ロンドンとニューヨークの秋冬ファッション特集
2026-27年の秋冬コレクションがロンドンとニューヨークで発表され、その美しさと新たな挑戦が話題になっています。今季のロンドンの象徴は、20周年を迎えた「アーデム(ERDEM)」です。ビクトリア朝の優雅なデザインやロマンティックな刺繍が特徴で、伝統的な英国の美的感覚を現代に再構築しています。このようなアプローチは、独立系ブランドにとって、成熟の象徴ともいえるものでしょう。
「アーデム」に倣い、多くのロンドンブランドが自身のアイデンティティを新たなストーリーとして再構成しています。例えば、「バーバリー(BURBERRY)」は、トレンチコートという名作を、艶やかなレザーを使ってイブニングドレスに変身させ、全く新しい存在感を持たせています。また、「シモーン ロシャ(SIMONE ROCHA)」は、「アディダス(ADIDAS)」とのコラボでスポーツとロマンチックを融合させ、さらなる革新を探求しています。
さらに、若手デザイナーたちも目を引きます。「LVMHプライズ2026」セミファイナリストに名を連ねる「ザ ヴァレイ(THE VXLLEY)」や「ペトラ ファーゲルストロム(PETRA FAGERSTROM)」などが、新しいファッションの可能性を広げようとしています。彼らの独自の視点から生まれる作品は、ファッションの新たな表現を追求しており、必見です。

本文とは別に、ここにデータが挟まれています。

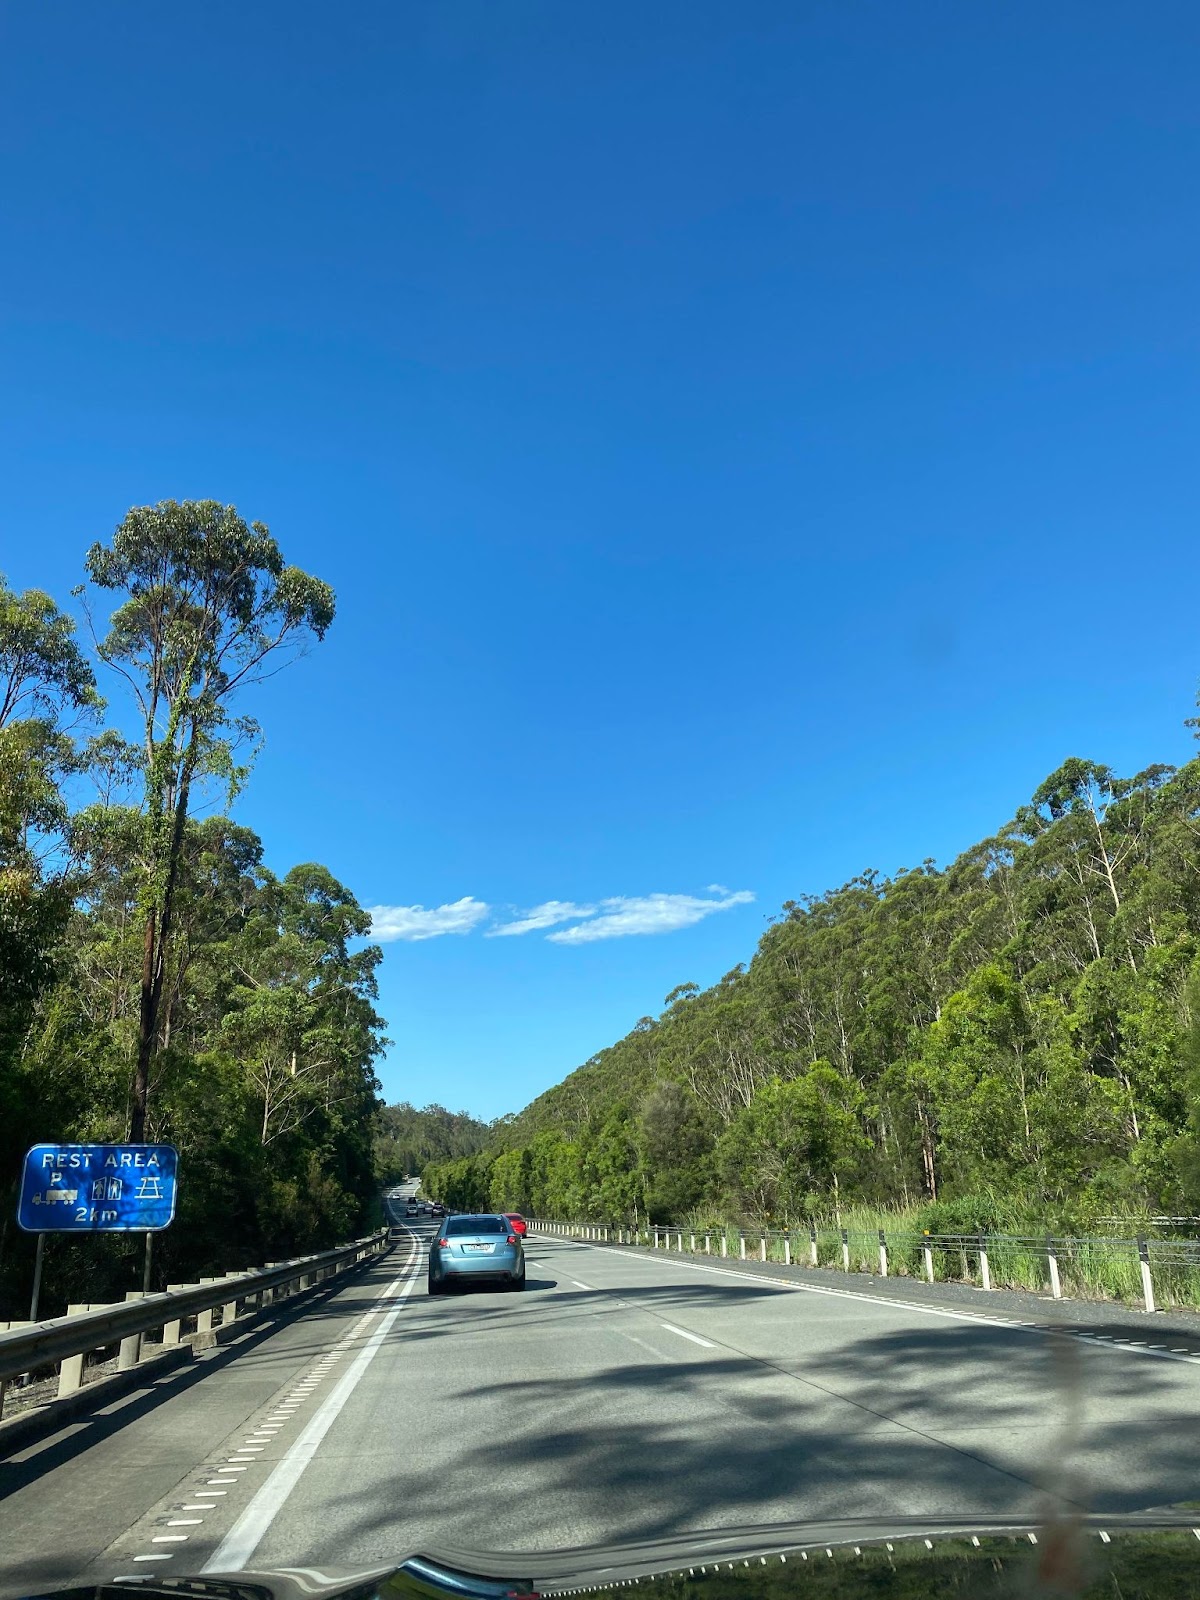 Car hire roadtrip from Sydney

一方、ニューヨークでは今の社会背景を反映した三つのスタイルキーワードが注目されています。まずは「エンパワリング・リアリズム」。これはリアルクローズを基に無理のない装飾が施されたもので、実用性を重視しつつも洗練されています。次に「リ・ヒューマナイズド・クラシックス」は、ビンテージへの愛情を現代的な視点で再解釈したもの。このスタイルは、過去の栄光を未来に繋げることで新たな価値を生み出しています。そして最後は、社会情勢に対するメッセージとしての「ステートメン・ドレッシング」。こうしたスタイルは、ファッションが単なる衣服でなく、自己表現や社会的見解を示す媒体であることを改めて思い出させてくれます。
さらに、ニューヨークでは海外の有力店バイヤーのコレクション評も重要な情報源となります。彼らの視点から得られる意見は、今後のトレンドを予測する上で欠かせない要素です。

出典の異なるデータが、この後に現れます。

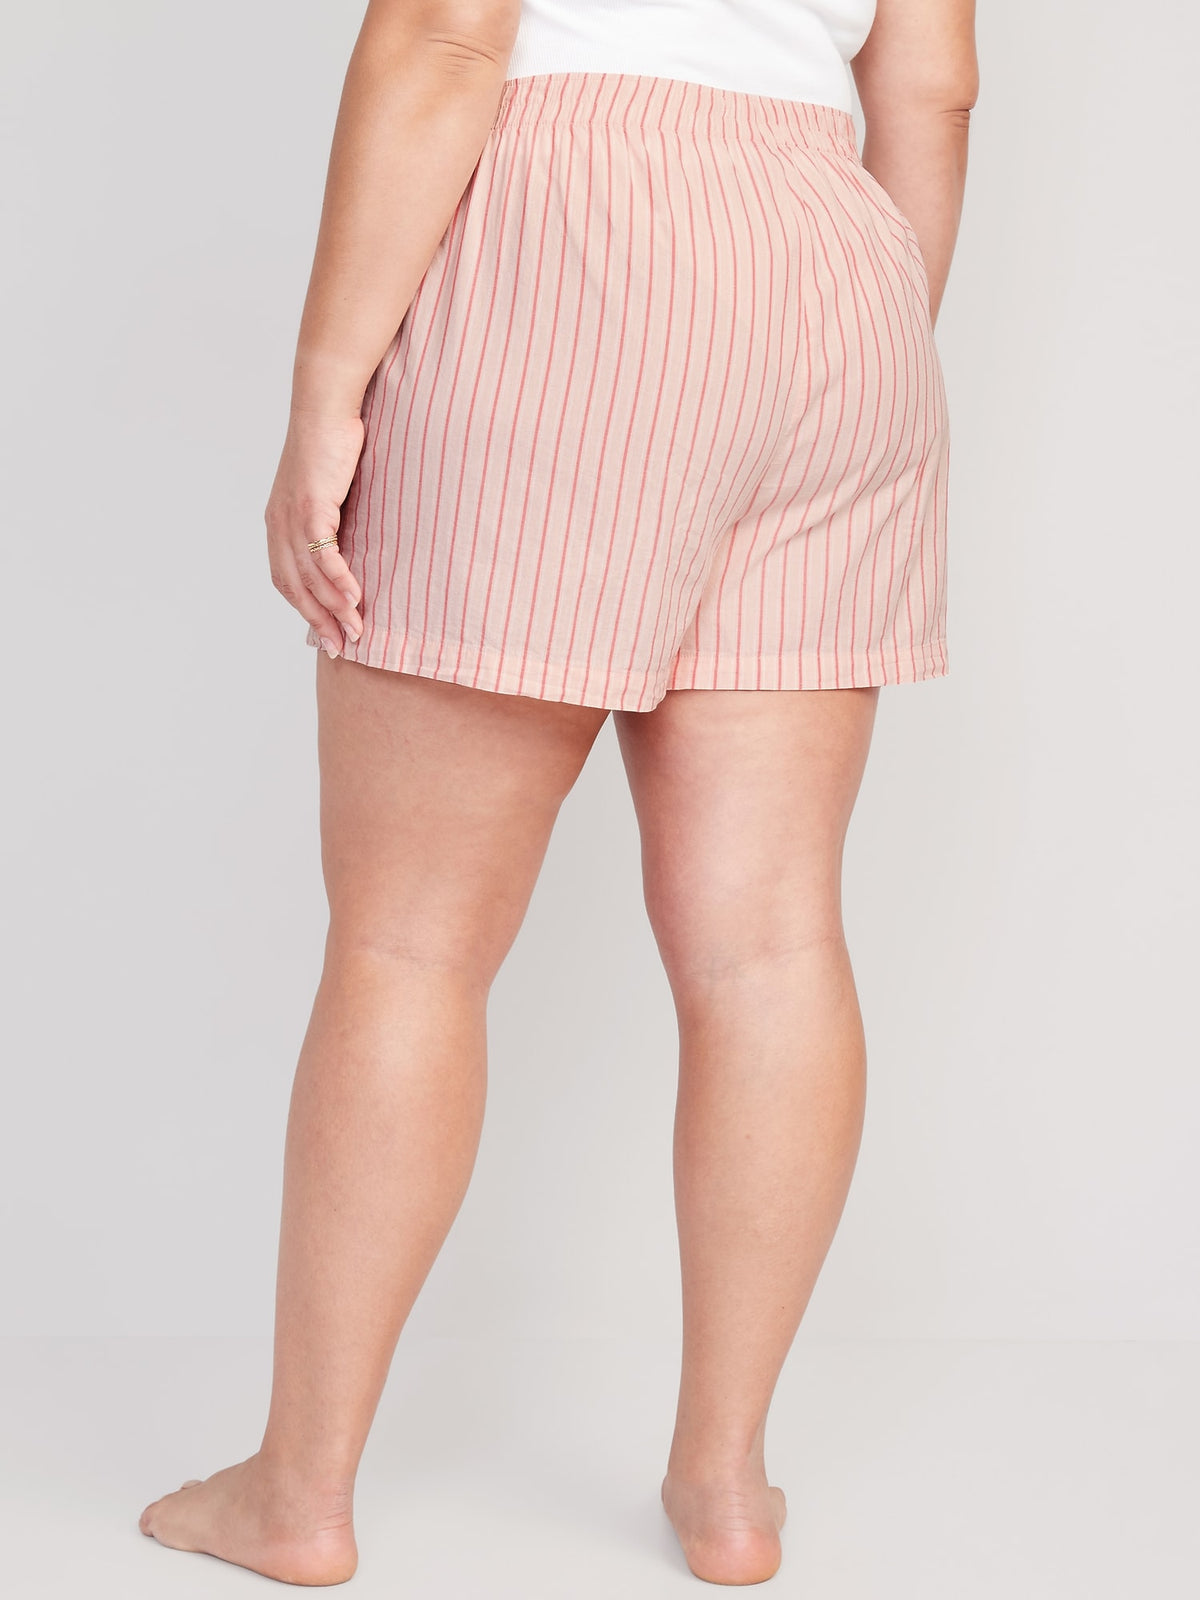 High-Waisted Striped Pajama Boxer Shorts for Women - 3.5-inch inseam

また、人気連載「齊藤孝浩のファッション業界のミカタ」では、アシックスの年商が1兆円に迫る中、その背後に隠された戦略が明らかにされます。アシックスが今、どのようにして世界中で選ばれるブランドになっているのか、その動向に注目です。
さらに、裏面の「ファッション&ビューティ パトロール」では、東北のファッションの聖地、盛岡の特集が組まれています。盛岡にある「生活芸術」の小野公洋代表によるディープな案内が、新たな発見をもたらしてくれるでしょう。これらの特集は、ファッション業界の動向を広く知るための貴重な情報源となるはずです。
ファッションは常に変化し続けています。ロンドンとニューヨークのトレンドを追いかけることで、今後のスタイルやアイデンティティの変化を見越すことができるでしょう。これからも私たちの目は、ファッションの未来を見つめ続けます。